Brief –
Transcribe the listing below word for word but skip its images.
━━━ Data below ━━━
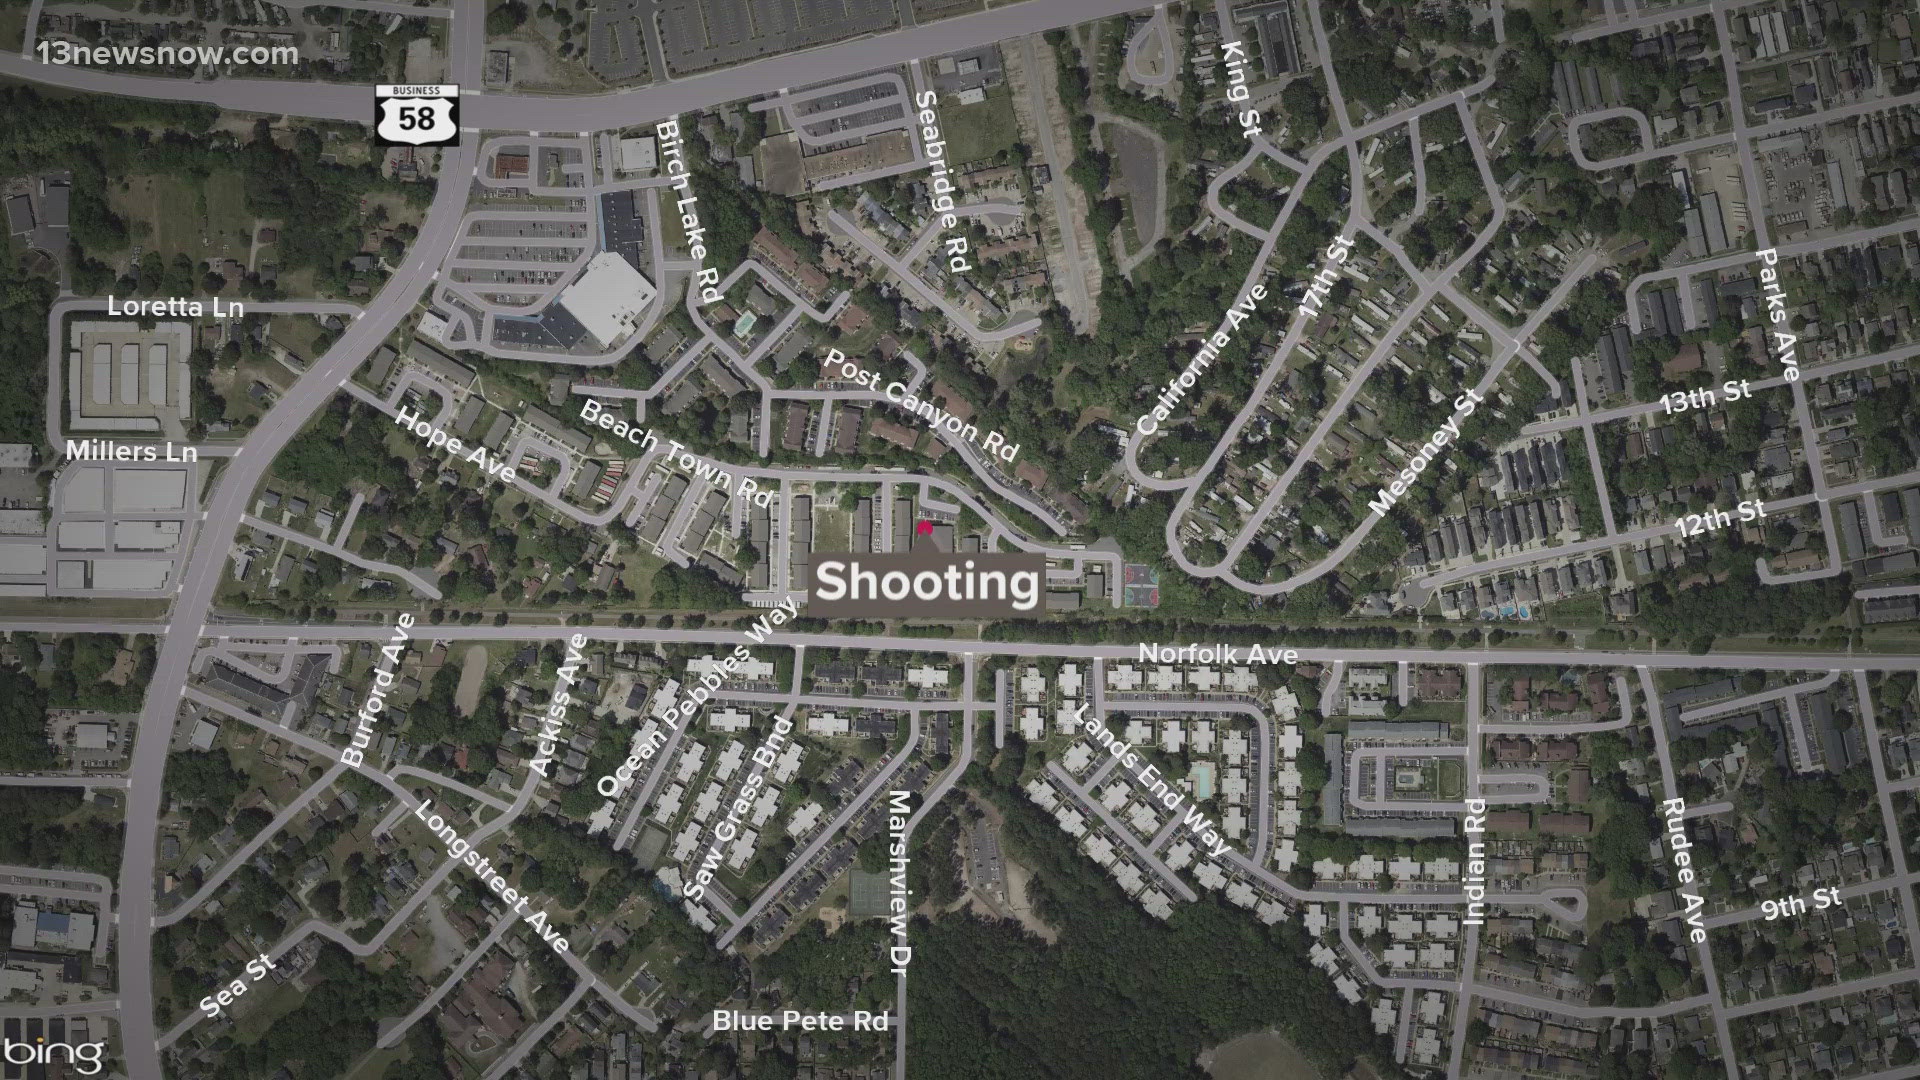 A man is dead and a suspect is in custody after a deadly shooting in Virginia Beach.
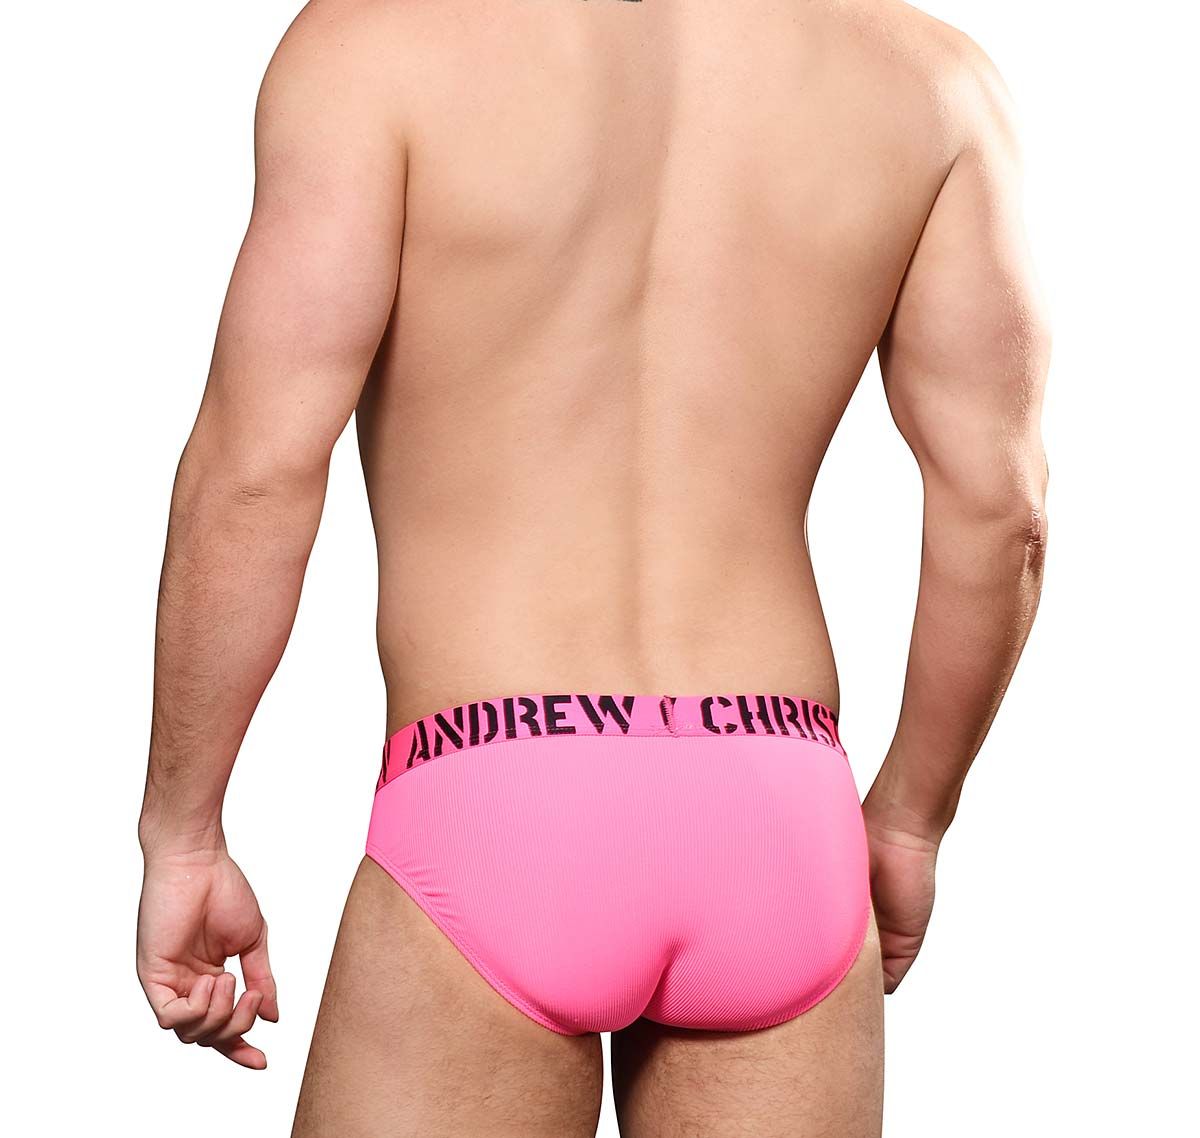 Andrew Christian Slip HOTNESS RIB BRIEF w/ ALMOST NAKED 92879, rose
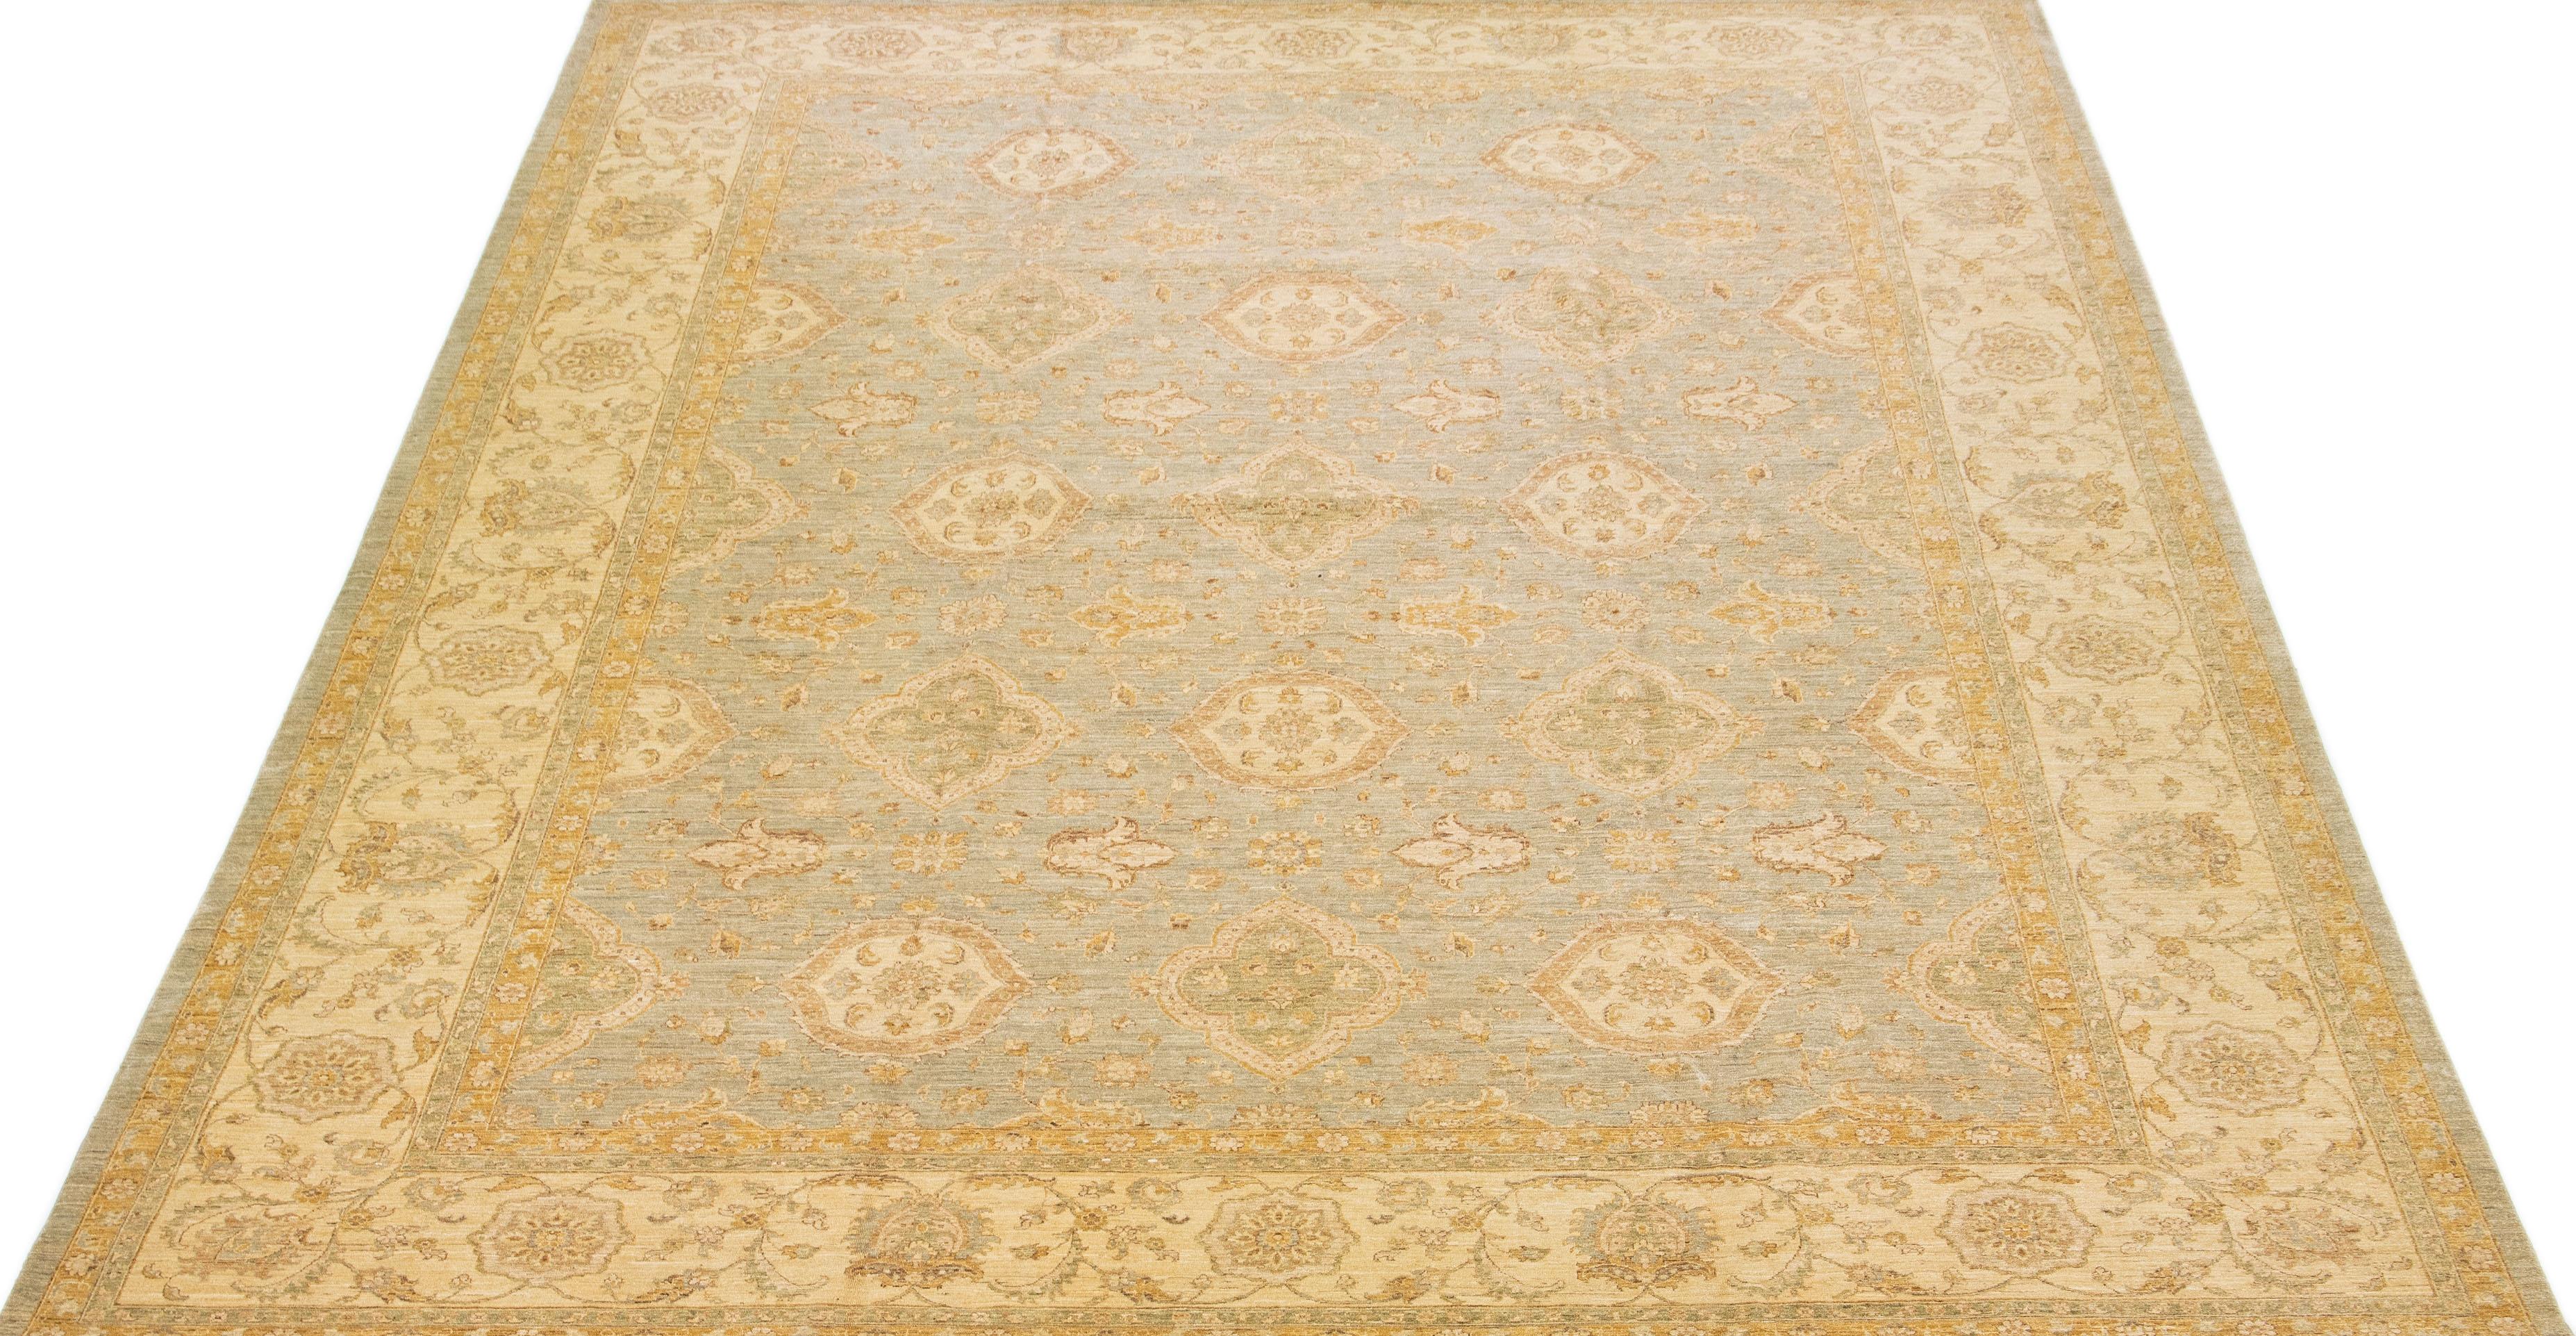 Beautiful modern Persian style Indian hand-knotted wool rug with a gray color field with brown and green accents on a Classic Botanica floral design.

This rug measures 13'3
━━━
Task response –
 A man is dead and a suspect is in custody after a deadly shooting in Virginia Beach.
 Andrew Christian Slip HOTNESS RIB BRIEF w/ ALMOST NAKED 92879, rose
 Beautiful modern Persian style Indian hand-knotted wool rug with a gray color field with brown and green accents on a Classic Botanica floral design.

This rug measures 13'3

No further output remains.